## Sunday, May 16, 2010

This is the schematic version, if you just wanted hints.  The full solution is given in Solar Sails Addendum I.

Here we present a schematic solution of the differential equation:

$\frac{dr}{dt} = \left[ \frac{2\alpha}{m} \left( \frac{1}{r_0} - \frac{1}{r} \right)\right]^{1/2}$

This is just a separable equation, so we rearrange to get an integral equation:

$\int_{r_0}^{r_f} \frac{dr}{\left[ \frac{2\alpha}{m} \left( \frac{1}{r_0} - \frac{1}{r} \right)\right]^{1/2}} = \int_{0}^{t}dt$

From here it's nice to non-dimensionalize, so our integration variable is just a number (with no units attached).  This allows us to get the integral into a form like

$k\int_{1}^{u_f} \frac{du}{\left[ \left( 1 - \frac{1}{u} \right)\right]^{1/2}} = t$

for appropriate values of k and u. Now we are ready to get started!  Typically, when I see something with a square root in the denominator that's giving me trouble, I just blindly try trig substitutions.  After an appropriate trig substitution, we get something of the form

$\int_{1}^{u_f} \frac{du}{\left[ \left( 1 - \frac{1}{u} \right)\right]^{1/2}} = \int_{x_0}^{x_f} -2\csc^3x dx$,

So now how do we solve this "easier" problem?  As a wise man once said, "When in doubt, integrate by parts."  So let's try that.

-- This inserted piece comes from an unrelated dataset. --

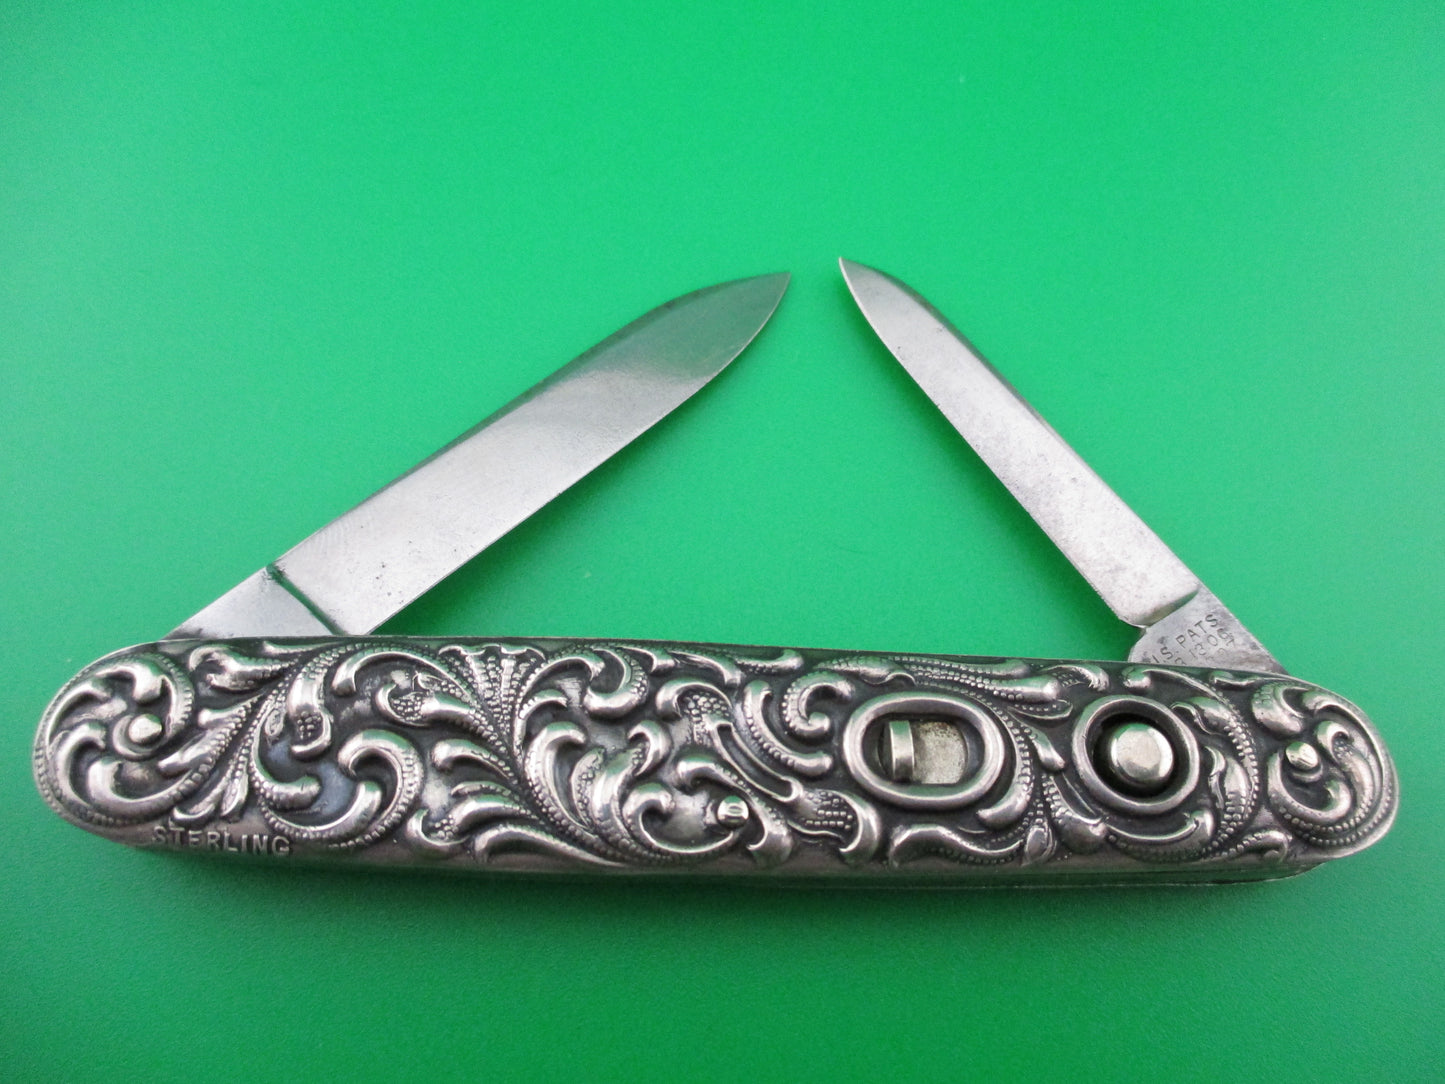 Schrade Cut Co 3 3/8 inch Sterling double scroll

$\left[ \mbox{HINT:} -\int_{x_0}^{x_f} \csc^3x dx = \int_{x_0}^{x_f}\csc x \left(-\csc^2x \right)dx \right]$

Remembering that integration by parts goes like

$\int u dv = uv - \int v du$

we can pick appropriate values of u and v to get something nice, which eventually leads to

$-\int_{x_0}^{x_f}\csc^3x dx = \csc x \cot x \Big |_{x_0}^{x_f} - \int_{x_0}^{x_f} \csc x dx + \int_{x_0}^{x_f} \csc^3 x dx$

But this is just what we want!  Rearranging we now have that

$-2\int_{x_0}^{x_f}\csc^3x dx = \csc x \cot x \Big |_{x_0}^{x_f} - \int_{x_0}^{x_f} \csc x dx$

Evaluating our integrals, we see that

$-2\int_{x_0}^{x_f}\csc^3x dx = \sqrt{u}\sqrt{u-1} + \ln{ | \sqrt{u} + \sqrt{u-1}|}$

And this is what we have sought from the beginning.  Plugging back in to our earlier equations and rearranging gives

$t = \left(\frac{m{r_0}^3}{2\alpha} \right)^{1/2}\left[\sqrt{u(u-1)} + \ln{\left( \sqrt{u} + \sqrt{u-1}\right)} \right]$

where u = r / r_0 is our non-dimensional distance measurement.  And this is (up to some algebra) exactly what we get in the initial post.